Shapiro-Wilk Test for Multivariate Normality and Skew-Normality

Project description

mvShapiroTest

Shapiro-Wilk Test for Multivariate Normality and Skew-Normality

Blanca Monroy-Castillo and Elizabeth Gonzalez-Estrada

blancamonroy.96@gmail.com, egonzalez@colpos.mx

Colegio de Postgraduados, México

Parametric statistical methods assume a specific model for the probability distribution of the observations. When non-robust methods are used, statistical inferences may be invalid if the assumed distribution is not a plausible model for the observations. Goodness of fit tests are the statistical methods used for testing distributional assumptions on a data set.

This package contains tests specially developed for testing goodness of fit of the multivariate normal and multivariate skew-normal distributions when parameters are unknown.

The following tests are implemented.

An extension of the Shapiro-Wilk test for testing goodness of fit of the multivariate skew normal distribution and a test based on both a closure property of the skew normal distributions and the canonical transformation of the multivariate skew normal distribution (González-Estrada et al. 2022).

A generalization of the Shapiro-Wilk test for testing multivariate normality (Villasenor and Gonzalez-Estrada, 2009).

The package also provides graphical tools for assessing the fit of the pdf's studied in the above papers.

Initialization

pip install mvShapiroTest

Modules

The package provides two modules, test and graphs. There are three ways to call the modules.

First, import all modules with the code

import mvShapiroTest

Also, it is possible import a unique module with the code

from mvShapiroTest import test
from mvShapiroTest import graphs

Functions

test Module

The functions in the test module are

  • mvshapiro(X) [A generalization of Shapiro-Wilk test for multivariate normality (Villasenor and Gonzalez-Estrada, 2009).]

    Where X is a numeric data matrix with d columns and n rows. This could be an array or data frame. Sample size (n) must be larger than vector dimension (d). When d = 1, mvshapiro(X) produces the same results as shapiro.test(X).
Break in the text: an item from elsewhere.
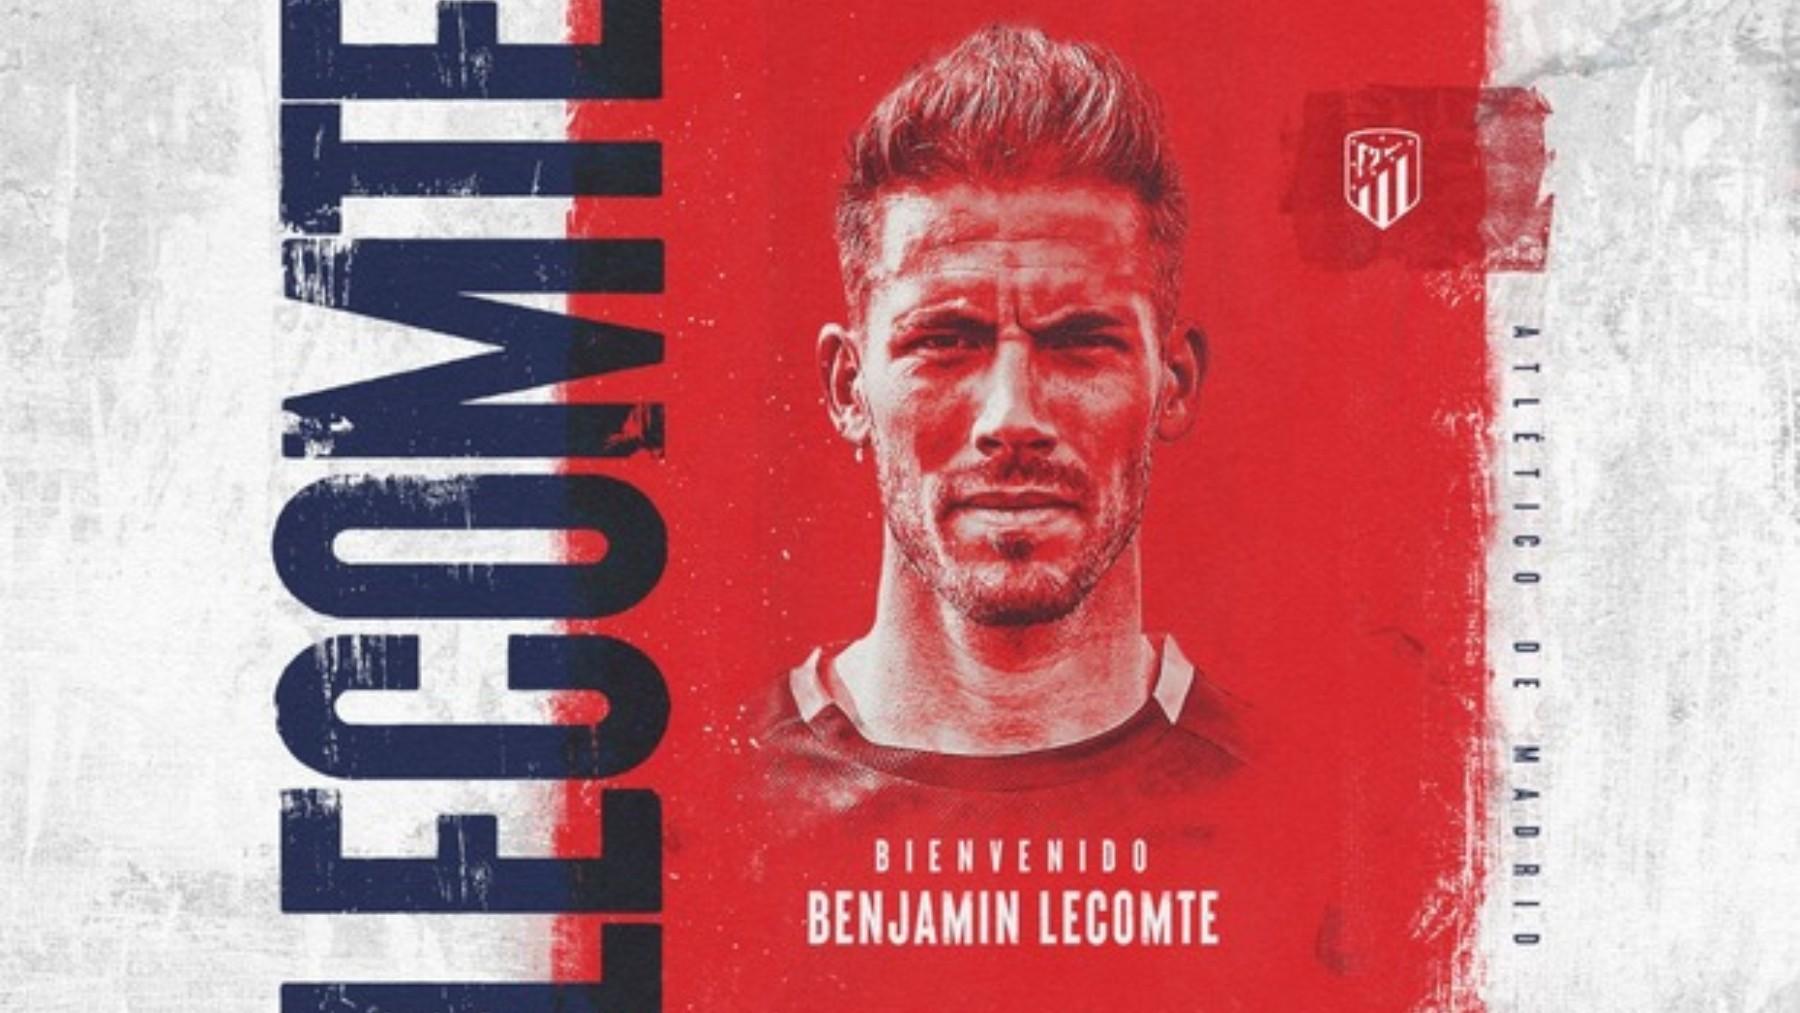 Lecomte llega cedido al Atlético. (Atlético de Madrid)

    The values returned by mvshapiro(X) are:

    • statistic the value of the generalized Shapiro-Wilk statistic for testing multivariate normality.
    • p_value an approximated p-value of the test.
    • Method the character string "Generalized Shapiro-Wilk test for multivariate normality".
  • canonical(y, xi, Omega, alpha) [Canonical transformation of a random variable with multivariate skew-normal distribution (Capitanio, 2012).]

    Where the arguments are:

    • y is a numeric data matrix with d columns and n rows. This could be an array or data frame. Sample size (n) must be larger than vector dimension (d).
    • xi, Omega and alpha are location, scale matrix and slant parameters.

    Azzalini and Dalla Valle (1996)'s multivariate skew-normal distribution is considered.

    The value returned by this function is a numeric data matrix with d columns and n rows. One column has a standard skew-normal distribution and the remaining d-1 columns have standard normal distribution. The coordinates of the canonical form are independent (Capitanio, 2012).

  • mvsn_shapiro(y, method = "EM", R_HOME = None) [Shapiro-Wilk test for the multivariate skew-normal distribution (González-Estrada et al. 2022).]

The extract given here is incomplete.